*DATA EXCERPT*:
Content starts

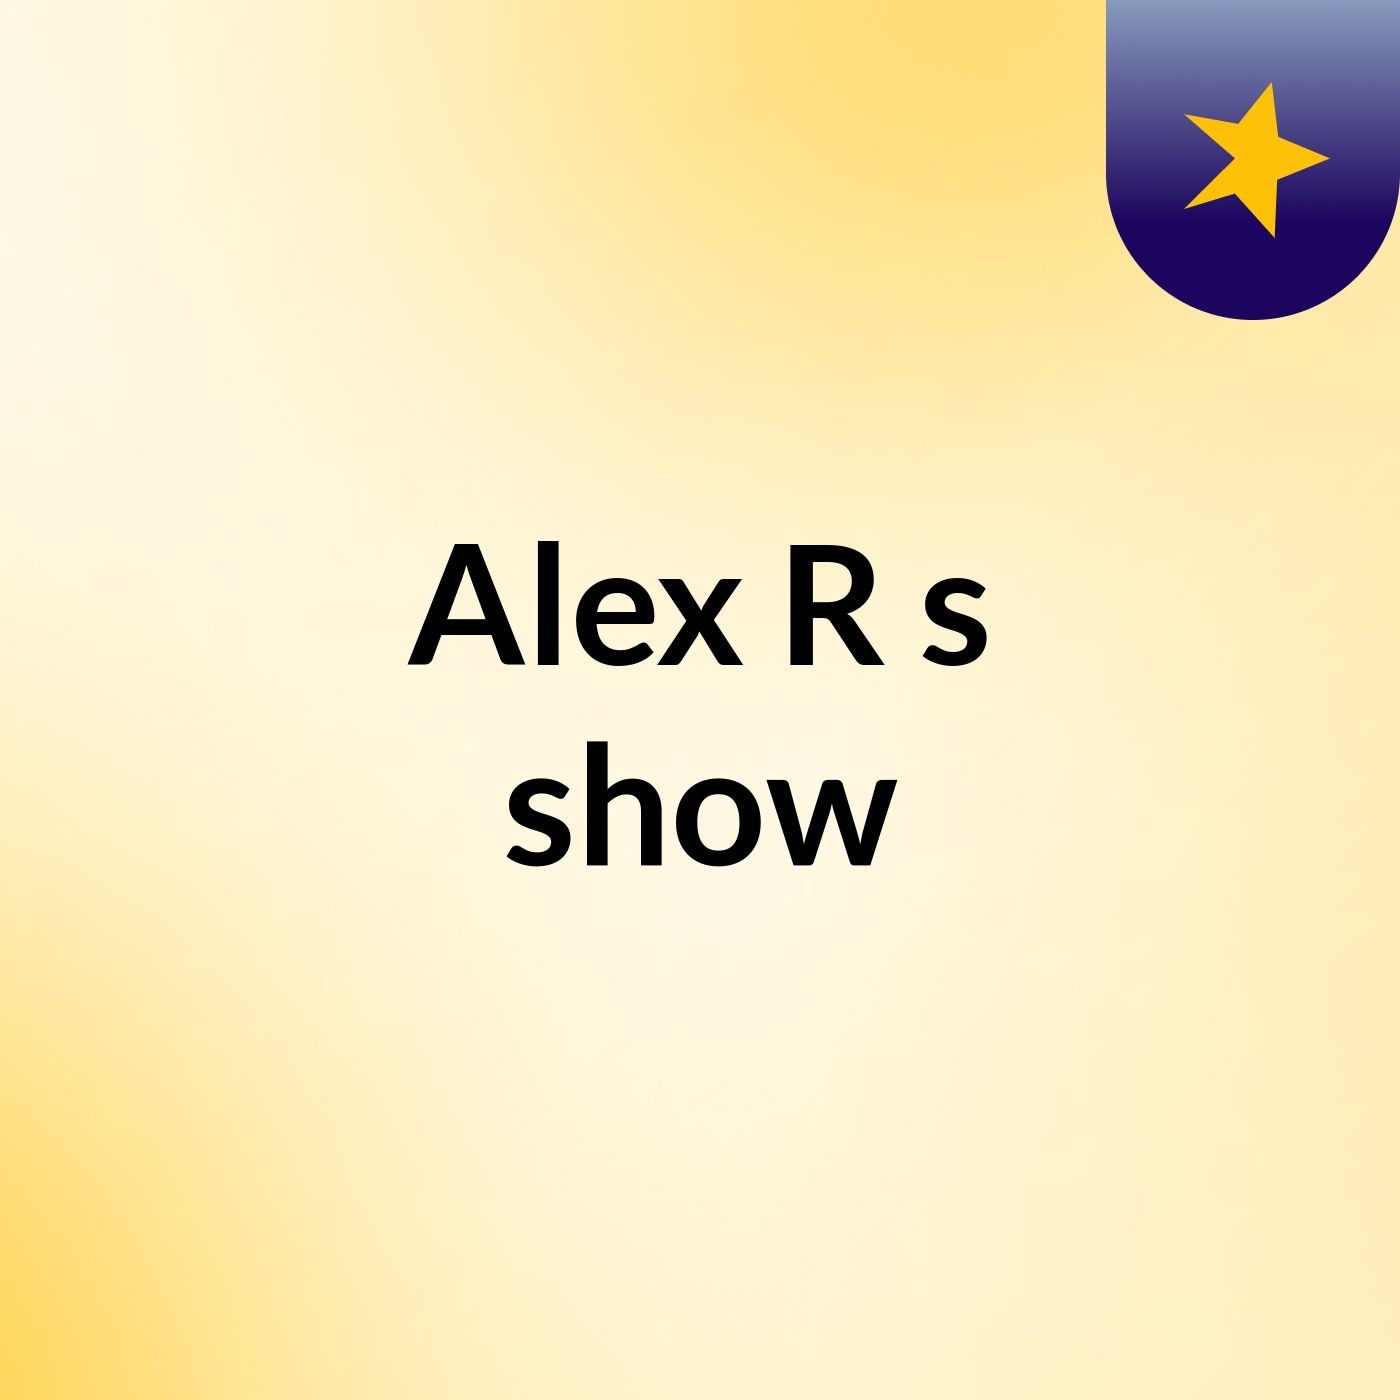 Alex R's show
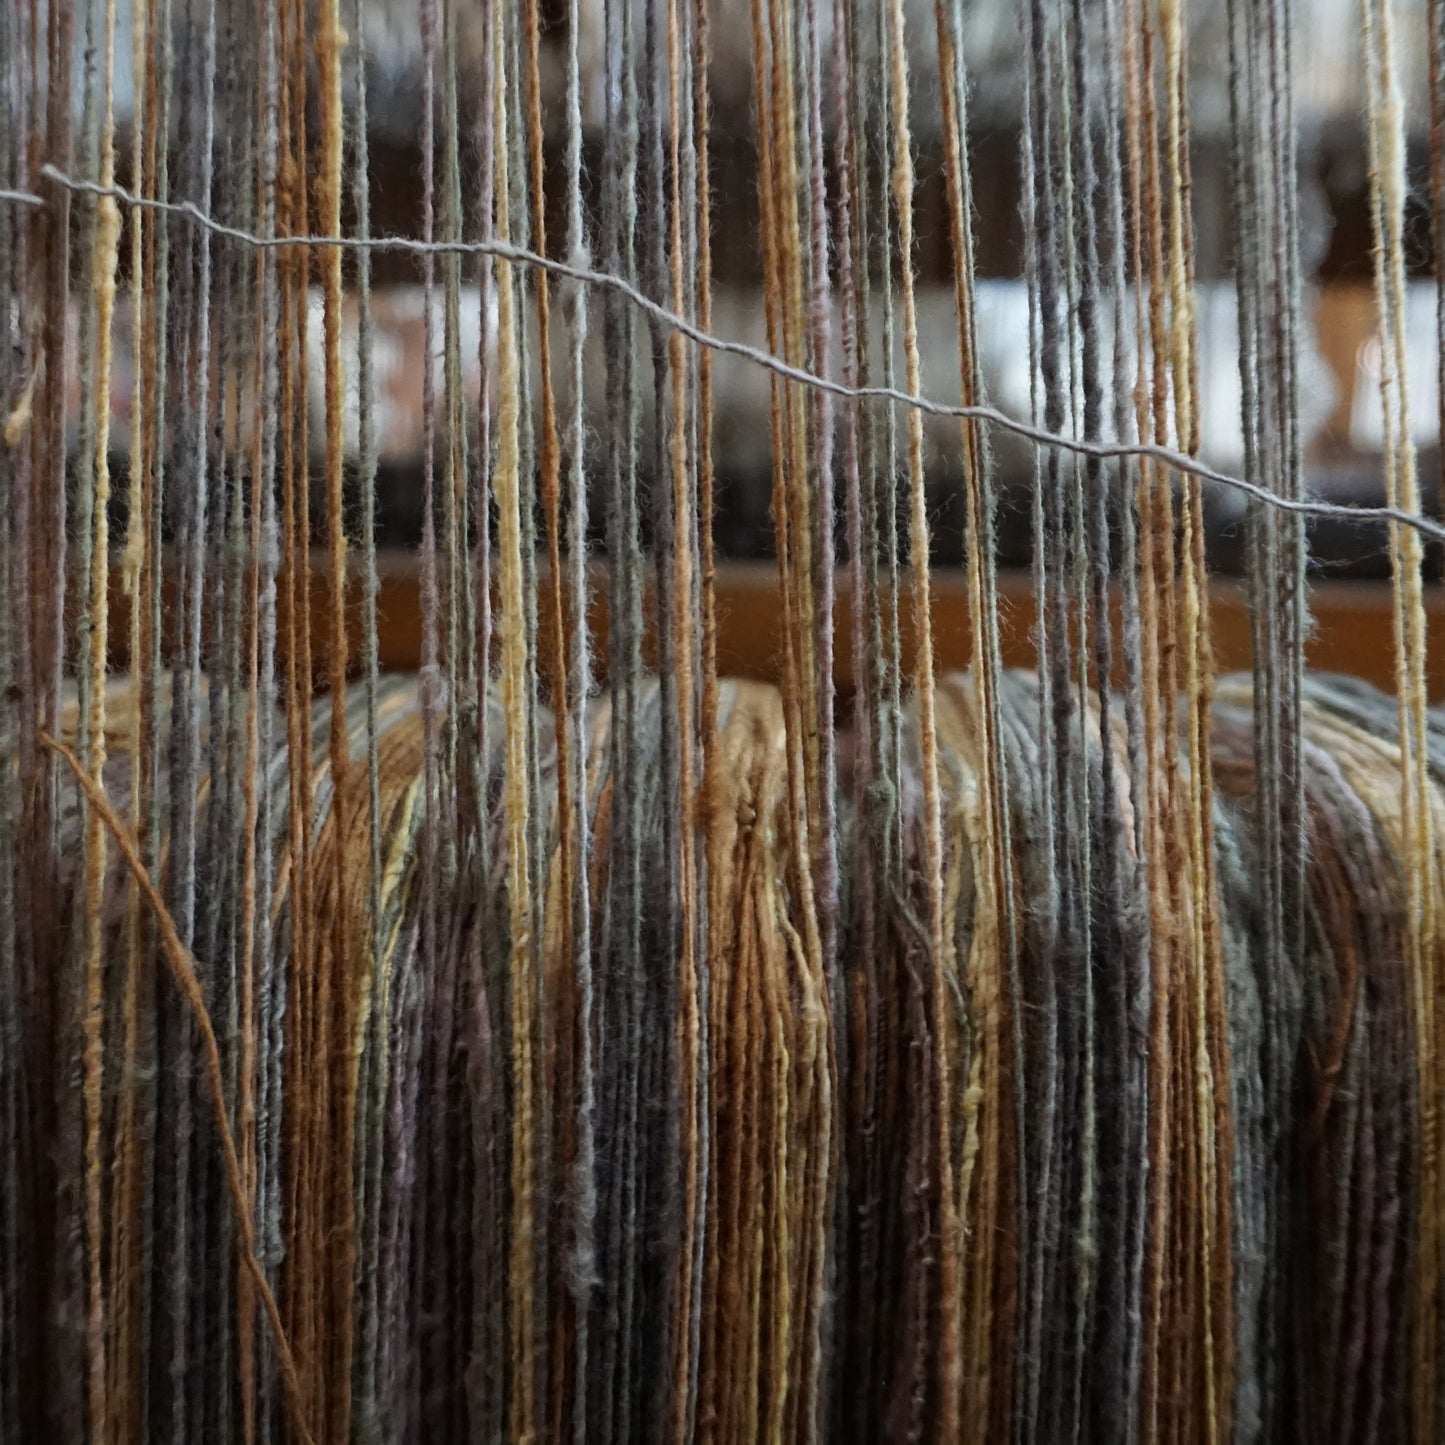 Colombia, Corpolienzo, Weaving
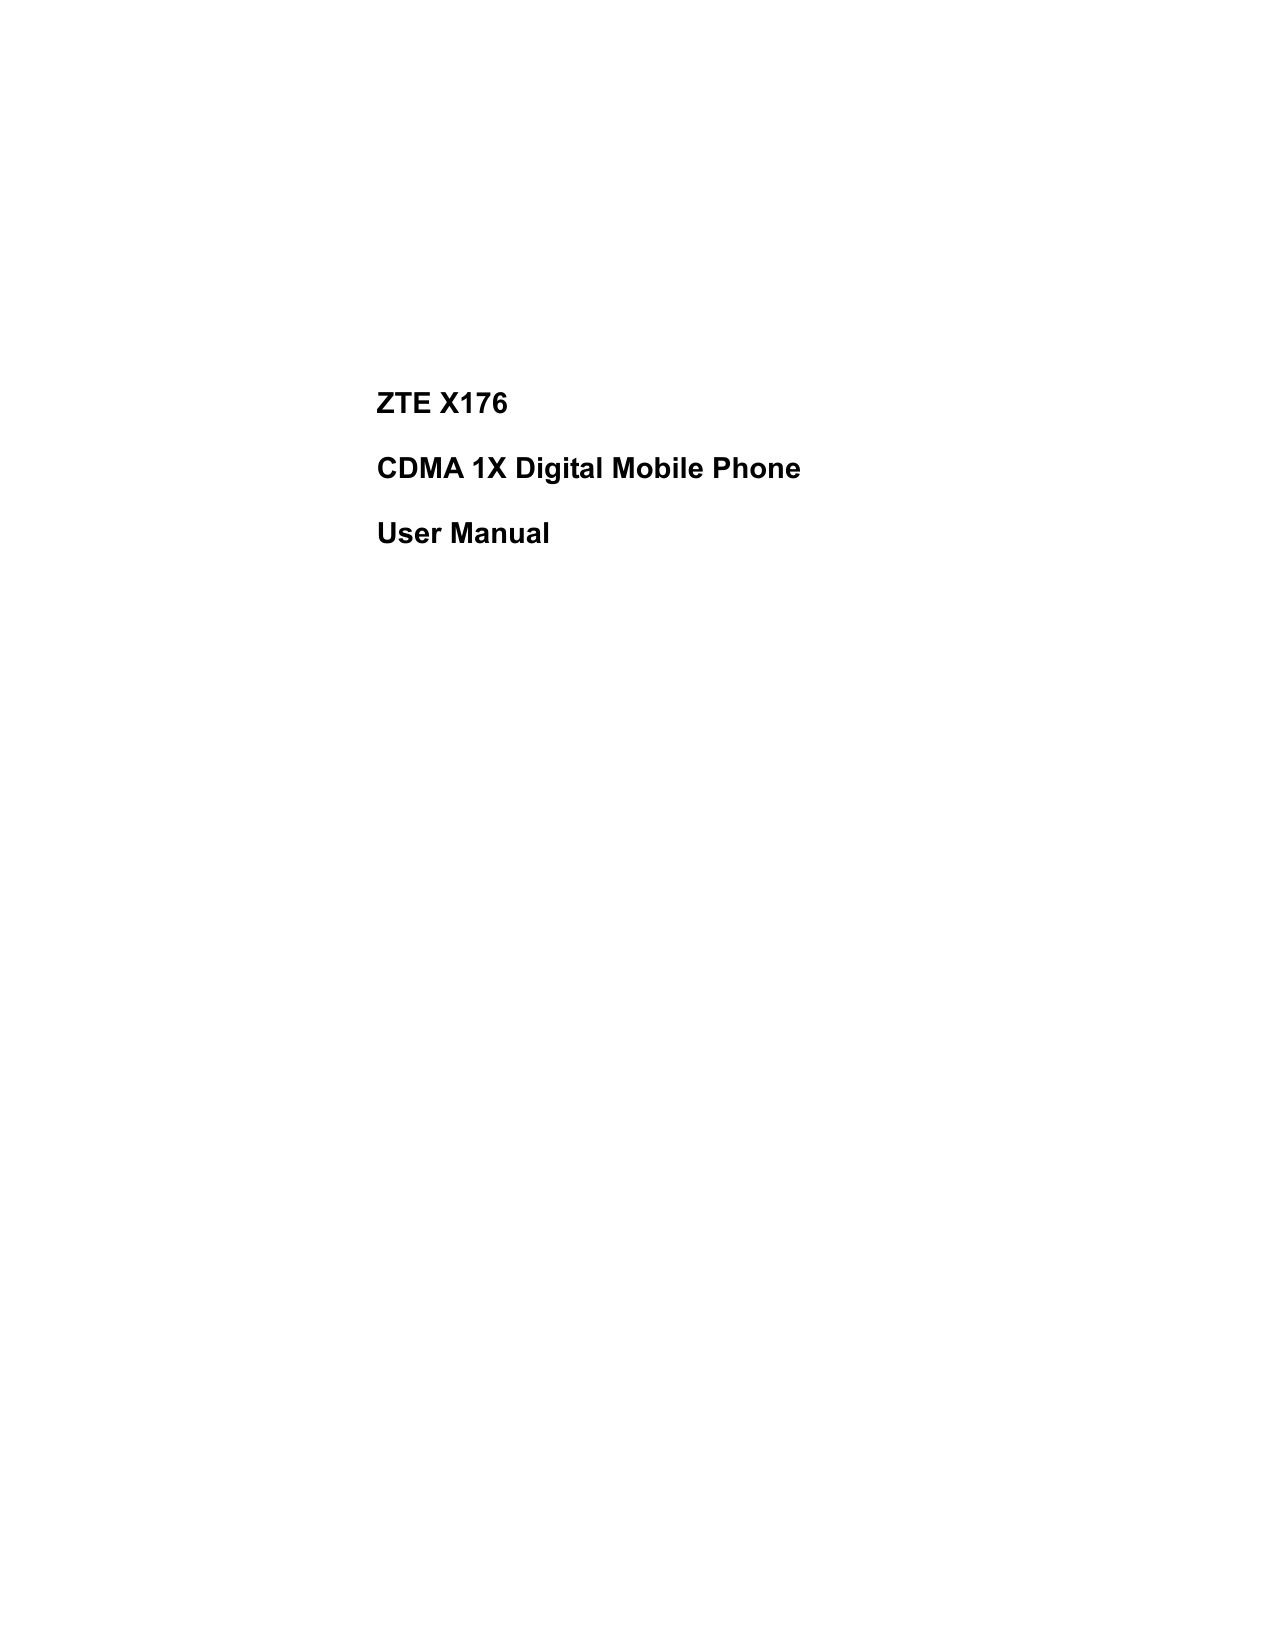      ZTE X176 CDMA 1X Digital Mobile Phone User Manual

Content ends

*TASK STATEMENT*: Print out the whole listing word for word. Leave the pictures out.

*ANSWER TO THIS PROBLEM*:
 Alex R's show
 Colombia, Corpolienzo, Weaving
      ZTE X176 CDMA 1X Digital Mobile Phone User Manual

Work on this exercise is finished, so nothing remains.